Atlas Search Custom Analyzers
We want the ability to create our own custom analyzers in Atlas Search. It seems like the option might be there as there is a Define Analyzers button but it is not documented and the syntax does not match what I would expect to be valid, resulting in an index that never finishes building.

This feature has been completed and released in the latest release of Atlas Search.

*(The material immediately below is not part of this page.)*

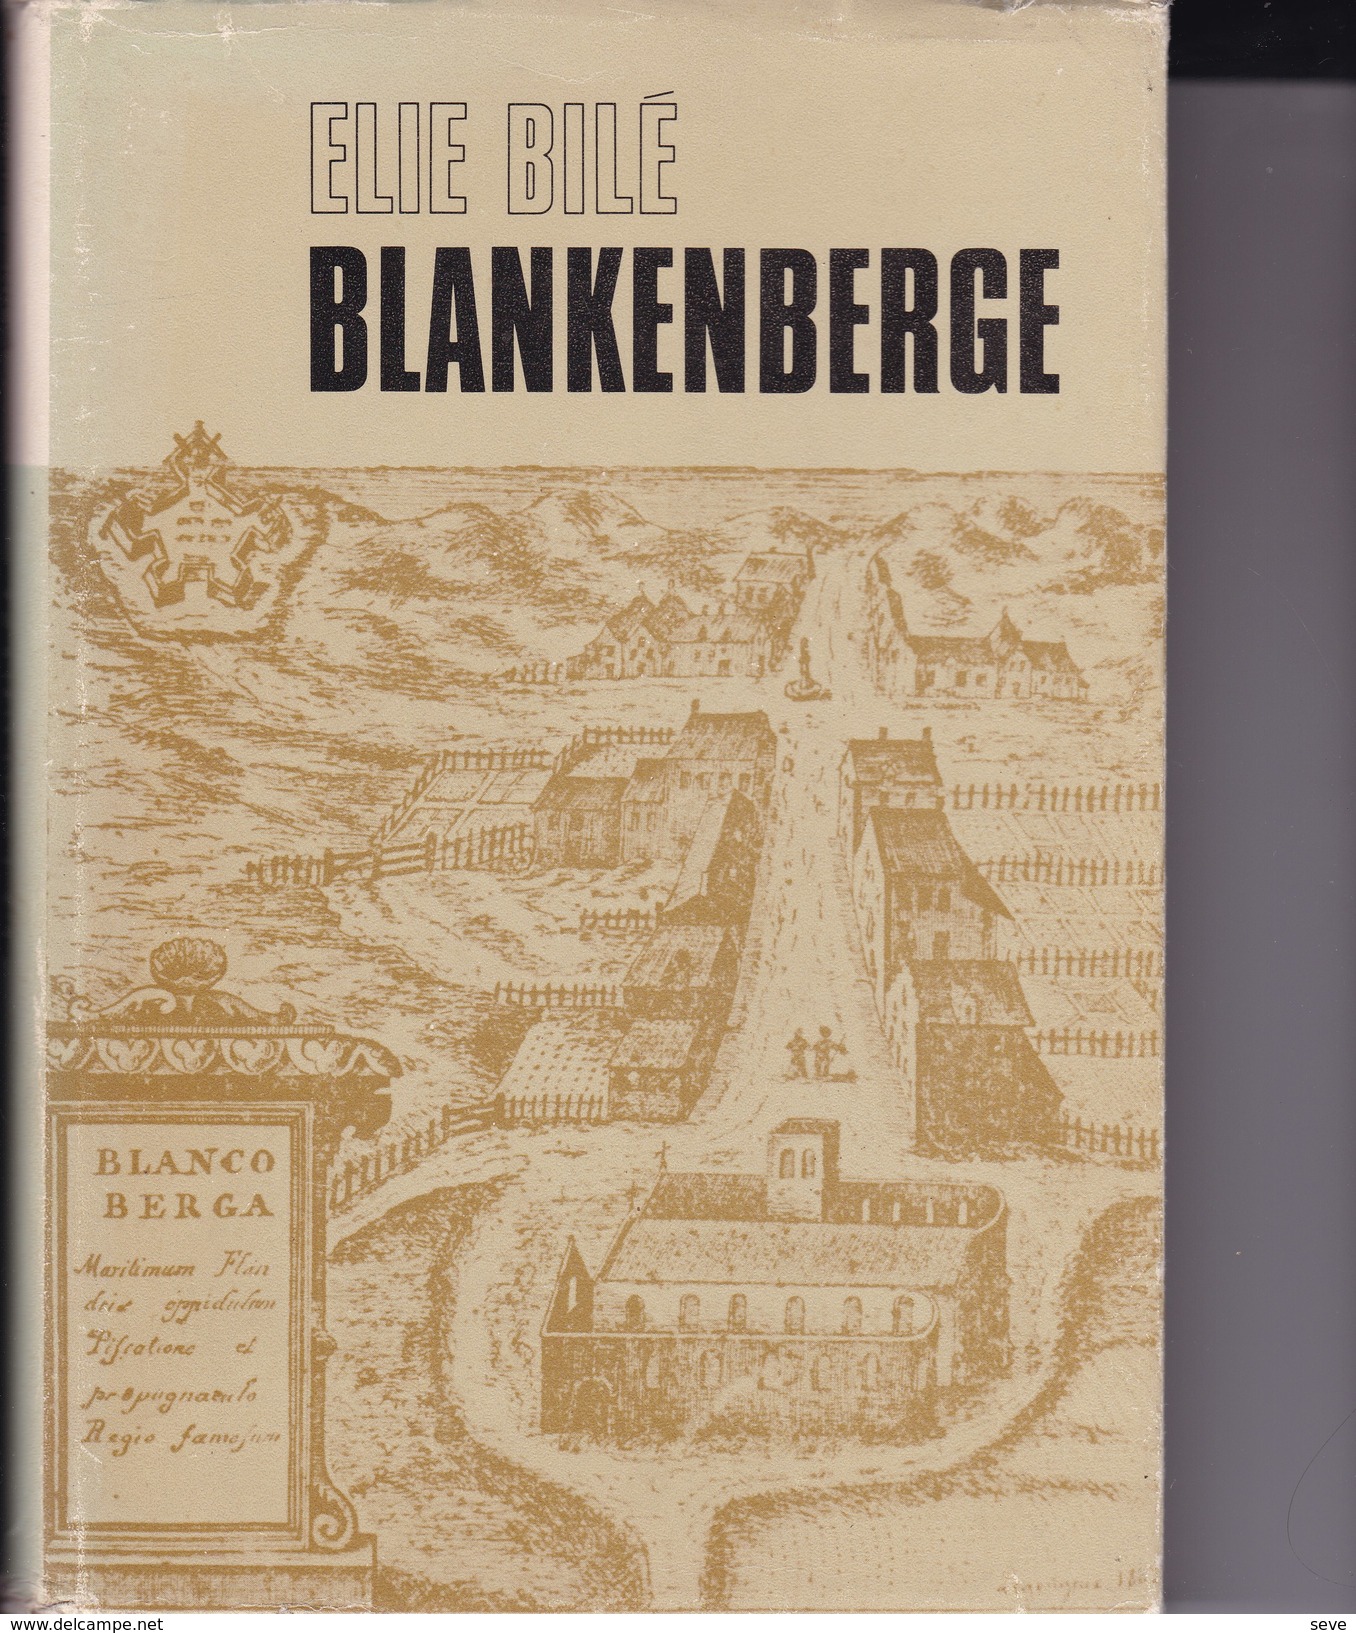 BLANKENBERGE Par BILE, Elie, 1971, 320 Pages Histoire Geschiedenis - Histoire
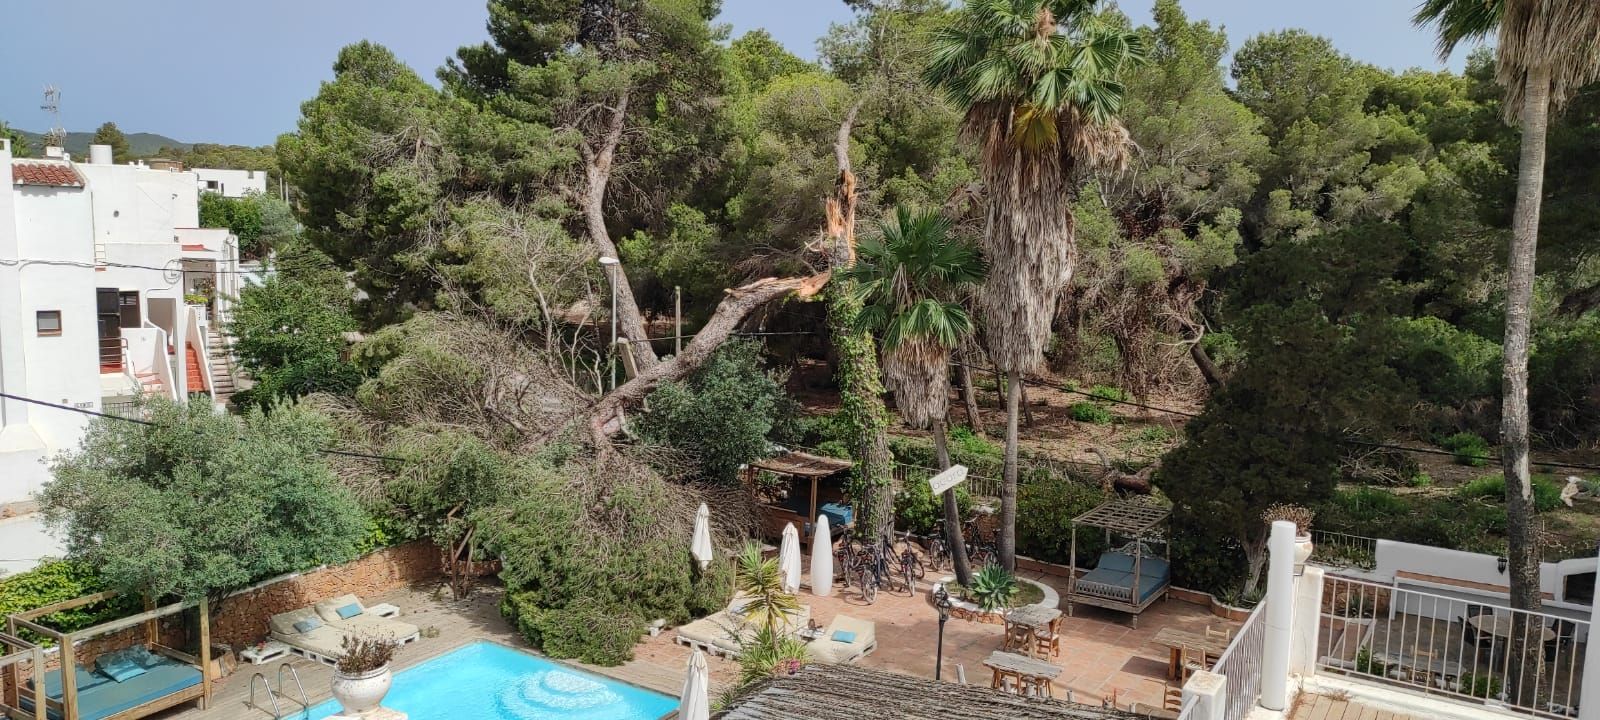 Un pino de grandes dimensiones cae sobre la piscina de un hotel de Ibiza

You can read the documentation here:
https://docs.atlas.mongodb.com/reference/atlas-search/analyzers/custom/
-
Richard commented
Its interesting as I am looking at this atm. I have a element in my document that stores JUST the email but it can be in upper or lower case
To solve the search problem I have performed the following
{
"analyzer": "lucene.keyword",
"searchAnalyzer": "lucene.keyword",
"mappings": {
"dynamic": false,
"fields": {
"enquiry": {
"fields": {
"customerId": {
"analyzer": "lucene.standard",
"ignoreAbove": 255,
"searchAnalyzer": "lucene.standard",
"type": "string"
}
},
"type": "document"
}
}
}then I do a search like this:
let chunks = term.split('@');
let result = await collection.aggregate([
{
$search: {
compound: {
must: [{
text: {
query: chunks[0],
path: 'enquiry.customerId'
}
},
{
text: {
query: chunks[1],
path: 'enquiry.customerId'
}
}]
}
}
},
{
$limit: 1000
}
]).toArray()The indexer seems to break the email address around the @ sign and I do a must match on each chunk.. seems to work well but will be load testing etc
-
Simon commented
This would be helpful for our situation where we want to use Atlas search for finding email addresses using case-insensitive search but matching the email address as a whole only and not divide into searchable terms
-
Yurii commented
This feature will definitely help to develop great features for developers who leverage Atlas search. For example now it is almost impossible to reproduce behaviour of $regex operator. https://docs.mongodb.com/manual/reference/operator/query/regex/ for multiword search strings. Keyword analyzer does not support case insensitiveness it would be great to create own analyzer based on keyword + "ignoreCase": true.
-
Mordechai commented
Allow creating a custom analyzer.
For example, for a field that contains a Linux file path I will want to create an analyzer that uses the char "/" as a token.
If I have the following path: /a/b/7/c
It will be split to a, b, 7, c...
Thanks